The book was edited and prefaced by Anna Kalarus, holder of a post-doctoral degree and lecturer at the Faculty for Musical Education of the Music Academy in Kraków.

Here are two excerpts from her preface:

(...)  In his publication, the author begins by drawing up a balance sheet of previous research in the field of ear training and the development of so-called musicality. He gives a thorough and penetrating chronological presentation of the various methods and systems. He begins with the traditional methods of Guido d'Arezzo and Jean-Jacques Rousseau, moving on to Pierre Galina, Guillaume-Louis Bocquillon, and to John Curwen’s Tonic sol-fa, John Evans’s phonogesture method and Cark Eitz’s 12-syllable system. The last three approaches are analysed with particular attention. In analysing modern methods of musical education, the author expresses concern with the fact that they do not treat ear-training, including the skills of reading and writing notes, as their main and fundamental components but as elements of secondary importance, or even as supplementary.  Despite this, the author writes with due respect about the work of the “big three”, i.e.  Carl Orff, Émile Jaques-Dalcroze and ZoltánKodály, as well as other 20th-century music theoreticians, including Poles.
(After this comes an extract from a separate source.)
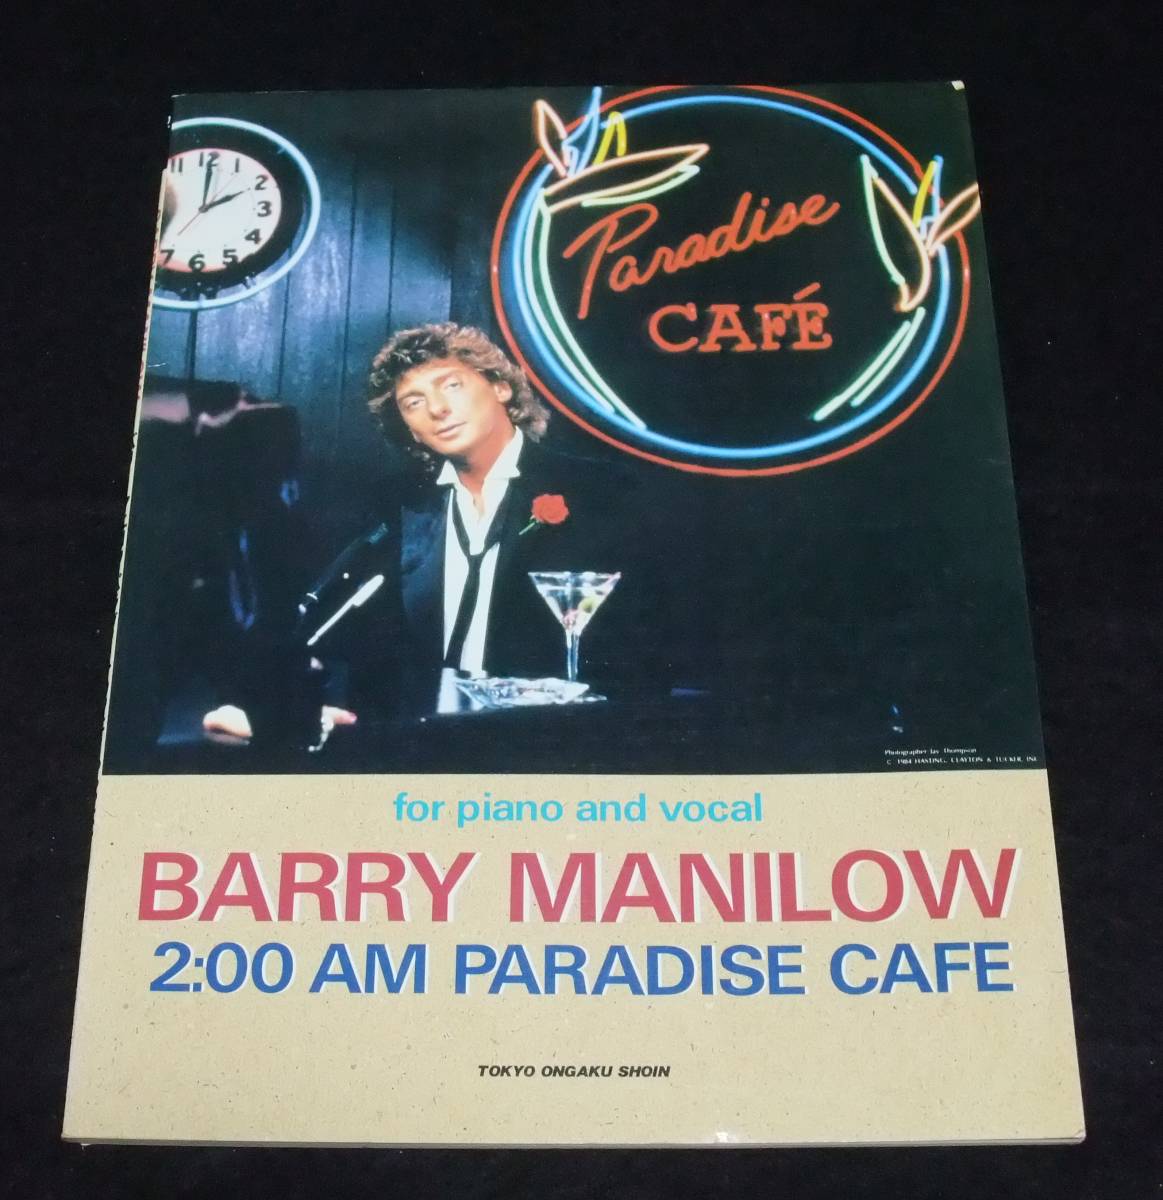 『BARRY MANILOW 2:00 AM PARADISE CAFE』　ピアノ バリー・マニロウ・パラダイス・カフェ 2:00AM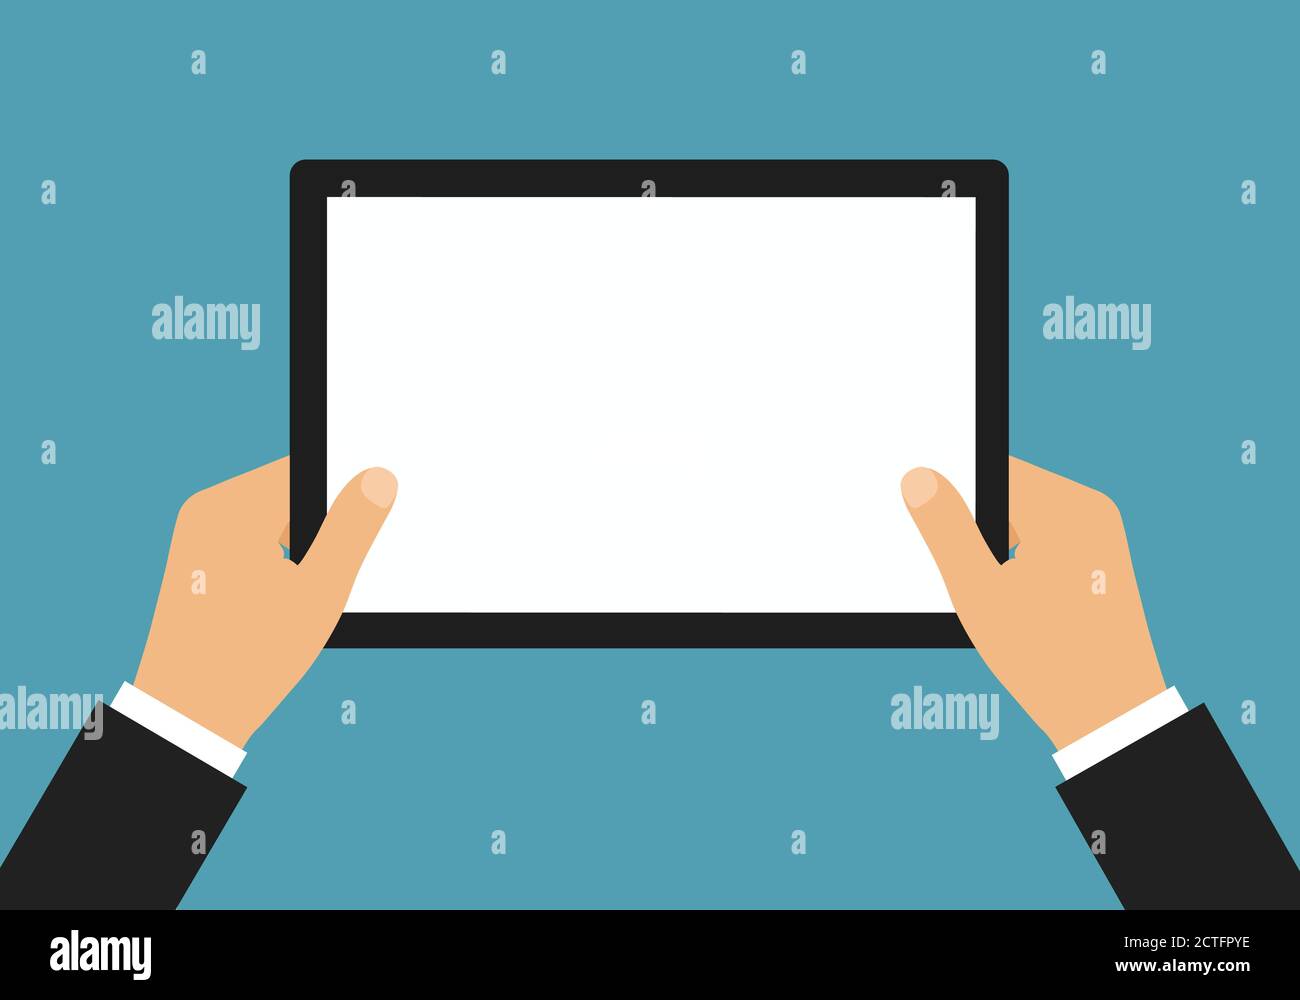 Illustrazione dal design piatto delle mani del manager in un tablet che tiene la tuta con schermo a sfioramento bianco vuoto e spazio per il testo - vettore Illustrazione Vettoriale

 (...)  The most important and perhaps the most interesting part of the book is the presentation of the author’s own concept of perfecting the ancillary means in the reading and writing of notes. In the first instance, the author deals with the streamlining of musical notation. His starting point is the tempered 12-semitone scale and the ultimate result is a notation on staves of different width, without clefs or accidentals, with the line c defining absolute pitch. The other element of the author’s project is a transformed, reformed syllabic system. By introducing new syllables, he creates a 12-stage syllabic chromatic sequence.  Linked to the changes in the syllabic system is a modified phonogesture. The whole project is complete with the author’s recommendations regarding exercises and the practical of the modernized system of reading and writing notes.